If the workshop instance is running on an AWS/EC2 instance we can gather the following tags from the EC2 metadata API (this is not available on other platforms).

cloud.provider ("aws")
cloud.platform ("aws_ec2")
cloud.account.id
cloud.region
cloud.availability_zone
host.id
host.image.id
host.name
host.type

We will create another processor to append these tags to our metrics.

processors:
  batch:
  resourcedetection/system:
    detectors: [system]
    system:
      hostname_sources: [os]
  resourcedetection/ec2:
    detectors: [ec2]

OpenTelemetry Collector Processors

Attributes Processor

The attributes processor modifies attributes of a span, log, or metric. This processor also supports the ability to filter and match input data to determine if they should be included or excluded for specified actions.

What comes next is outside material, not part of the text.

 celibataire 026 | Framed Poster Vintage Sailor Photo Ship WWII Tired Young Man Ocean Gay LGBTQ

It takes a list of actions that are performed in the order specified in the config. The supported actions are:

insert: Inserts a new attribute in input data where the key does not already exist.
update: Updates an attribute in input data where the key does exist.
upsert: Performs insert or update. Inserts a new attribute in input data where the key does not already exist and updates an attribute in input data where the key does exist.
delete: Deletes an attribute from the input data.
hash: Hashes (SHA1) an existing attribute value.
extract: Extracts values using a regular expression rule from the input key to target keys specified in the rule. If a target key already exists, it will be overridden.

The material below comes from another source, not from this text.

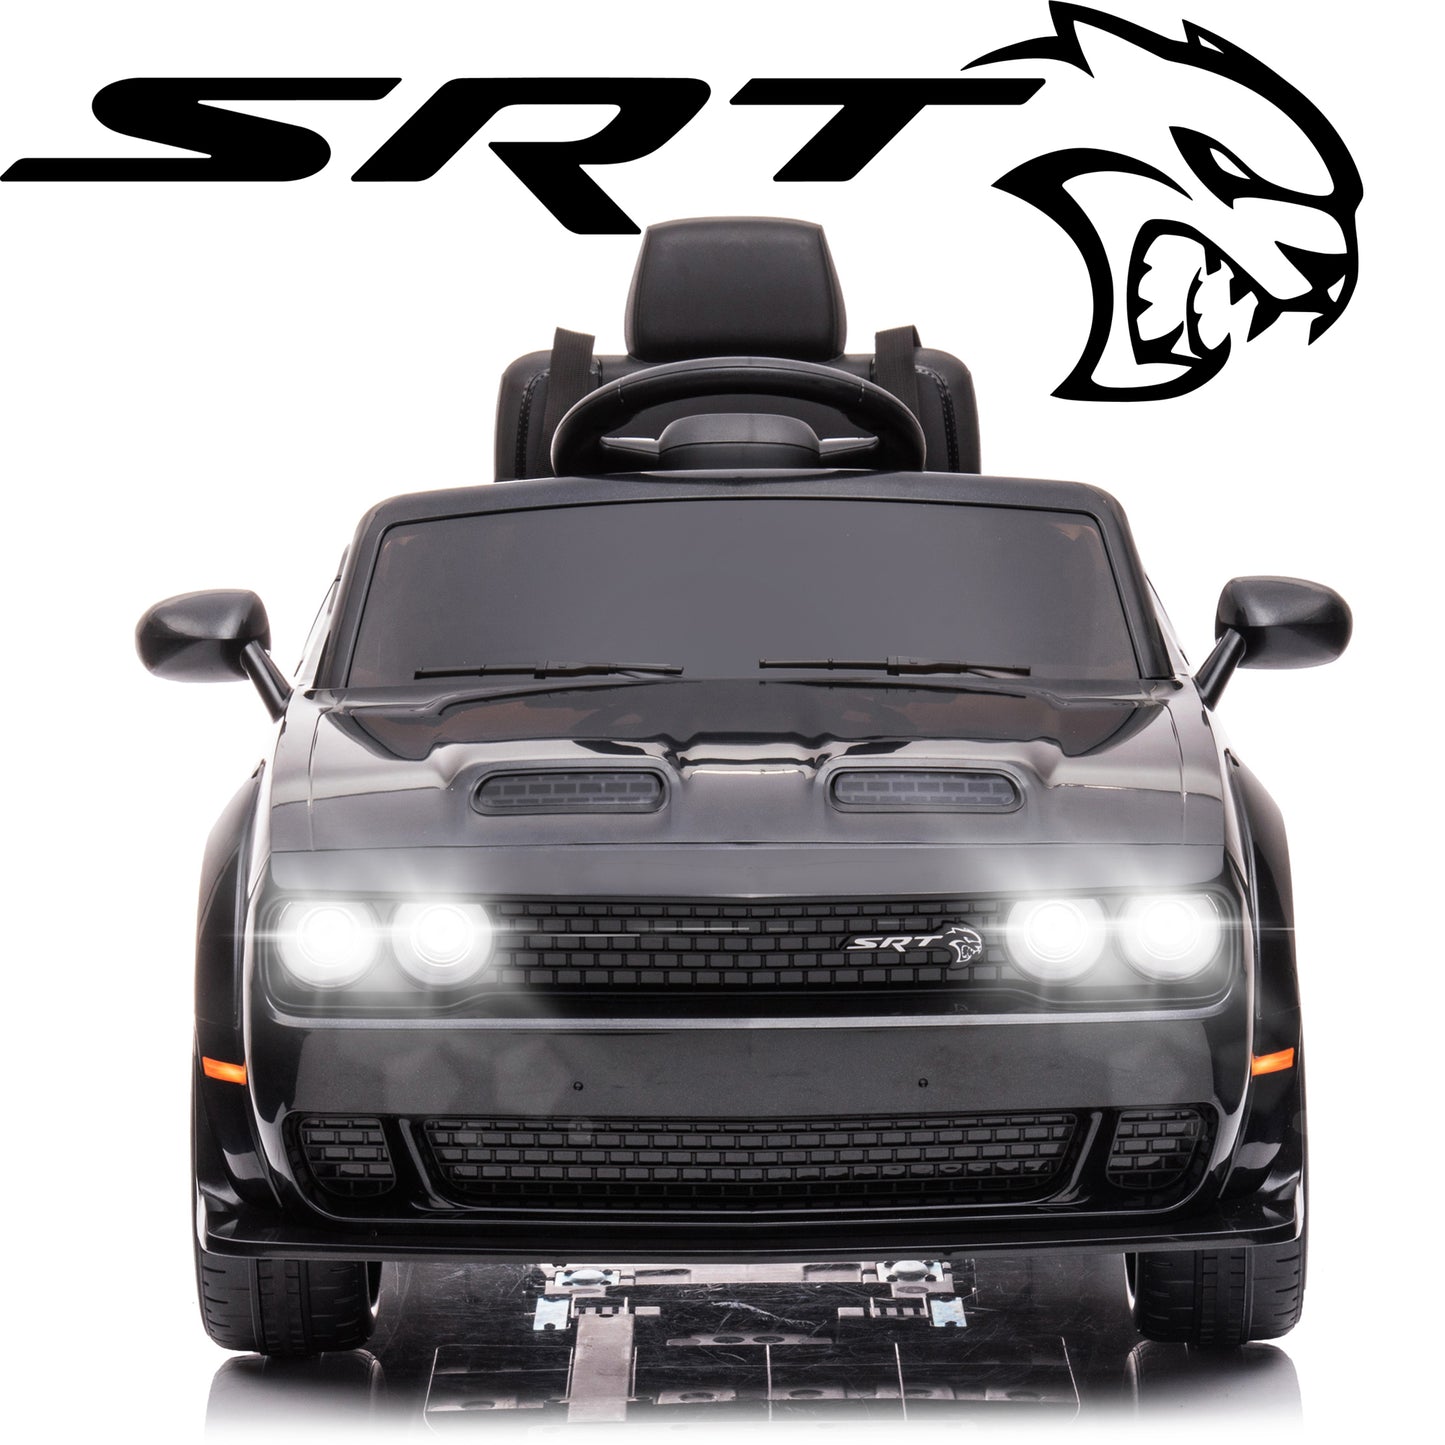 12V Licensed Dodge Challenger SRT Ride on Car for Kids, Battery Powered Ride on Toy with Remote Control, Bluetooth and LED Lights, Electric Car Vehicle for Boys Girls Age 2-4, Black, Y035

We are going to create an attributes processor to insert a new attribute to all our host metrics called participant.name with a value of your name e.g. marge_simpson.

Warning

Ensure you replace INSERT_YOUR_NAME_HERE with your name and also ensure you do not use spaces in your name.

Later on in the workshop, we will use this attribute to filter our metrics in Splunk Observability Cloud.

processors:
  batch:
  resourcedetection/system:
    detectors: [system]
    system:
      hostname_sources: [os]
  resourcedetection/ec2:
    detectors: [ec2]
  attributes/conf:
    actions:
      - key: participant.name
        action: insert
        value: "INSERT_YOUR_NAME_HERE"

Ninja: Using connectors to gain internal insights

One of the most recent additions to the collector was the notion of a connector, which allows you to join the output of one pipeline to the input of another pipeline.

An example of how this is beneficial is that some services emit metrics based on the amount of datapoints being exported, the number of logs containing an error status, or the amount of data being sent from one deployment environment. The count connector helps address this for you out of the box.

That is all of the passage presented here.